Silicon Valley entrepreneur and investor, Vinod Khosla held little back in his keynote at the Money 20/20 conference, denouncing the US move to EMV chip cards as "screwed up" and predicting that "NFC will takeover in three years."
During an attention grabbing outbreak of plain speaking, Khosla admitted in an aside he instantly clicks away from any checkout that uses Verified by Visa, as he spoke out against payment methods which he considered were designed to minimise conversion.
Khosla suggested EMV was flawed as a consequence of the customer experience, would become irrelevant in three years, and will eventually be replaced by NFC-enabled mobile technologies.
The real estate and mortgage industries were also singled out as being ripe for re-invention, "it costs eight per cent to sell a home and you get nothing but a lot of uncertainty." Khosla Ventures has, of course, invested in businesses addressing these opportunities, including OpenDoor and Cadre.

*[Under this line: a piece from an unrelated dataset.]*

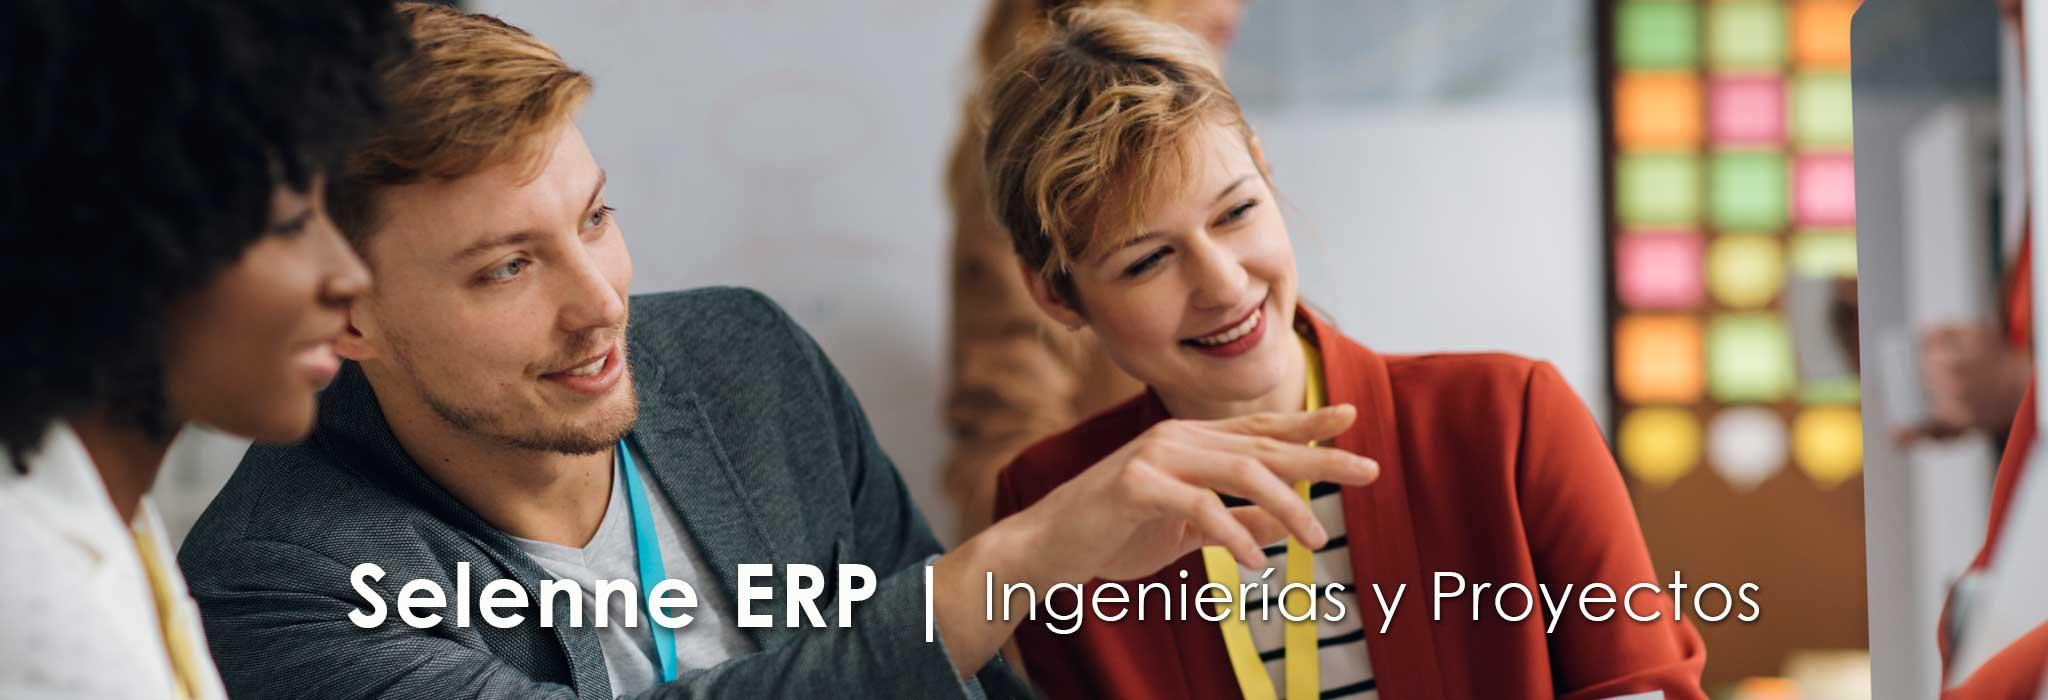 selenne-ERP-ingenierias-y-proyectos

The venture capital industry was not above criticism either. Khosla advised fintech start ups and growth businesses in the audience to consider carefully when and who they got on board. "Investors are great at crunching numbers but early on - when the innovation really happens - there are no numbers to crunch yet. At that early stage, growth businesses need help with things like finding talent or networking."

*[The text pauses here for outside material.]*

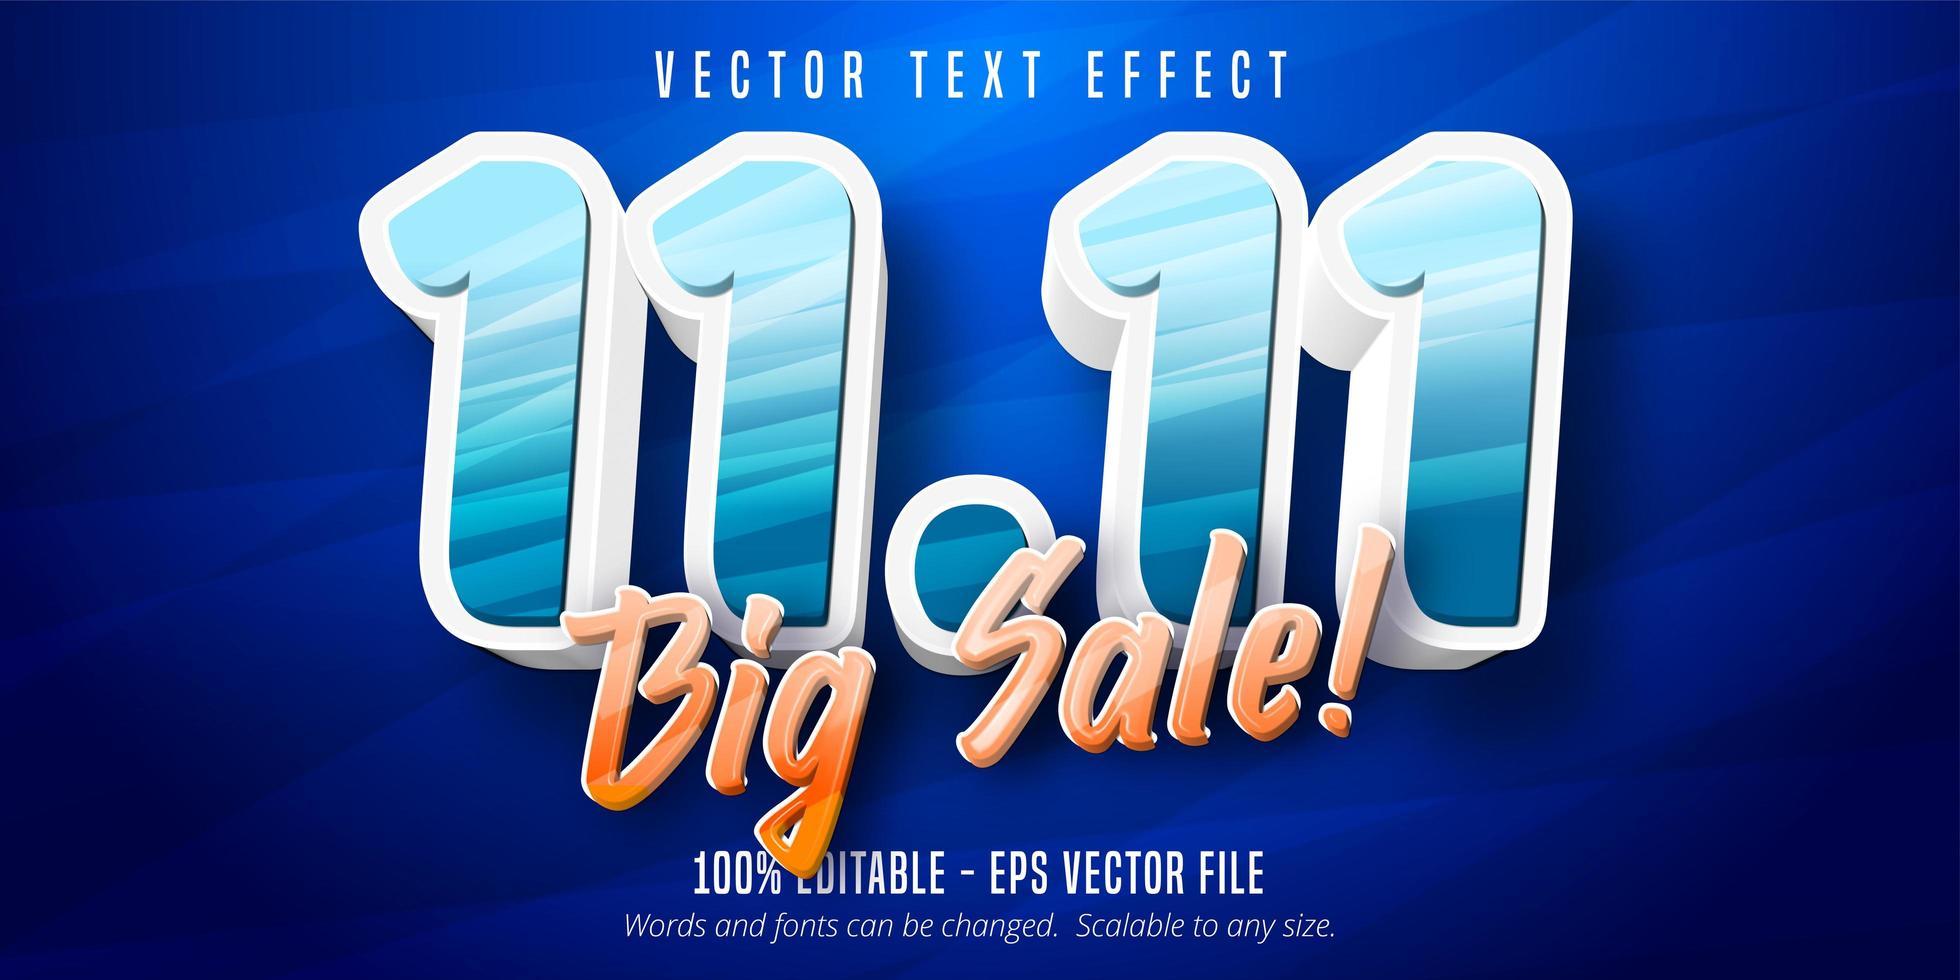 11.11 effetto testo modificabile testo grande vendita vettore

He also advised startups to find investment partners who have experience of building a company themselves, "you have to ask them, have they earned the right to give you advice?" Founders themselves needed to be, "obstinate on their vision but flexible about tactics."
Iterating on tactics, not being too wedded to one idea and being active in seeking feedback, were all singled out as attributes of successful entrepreneurs.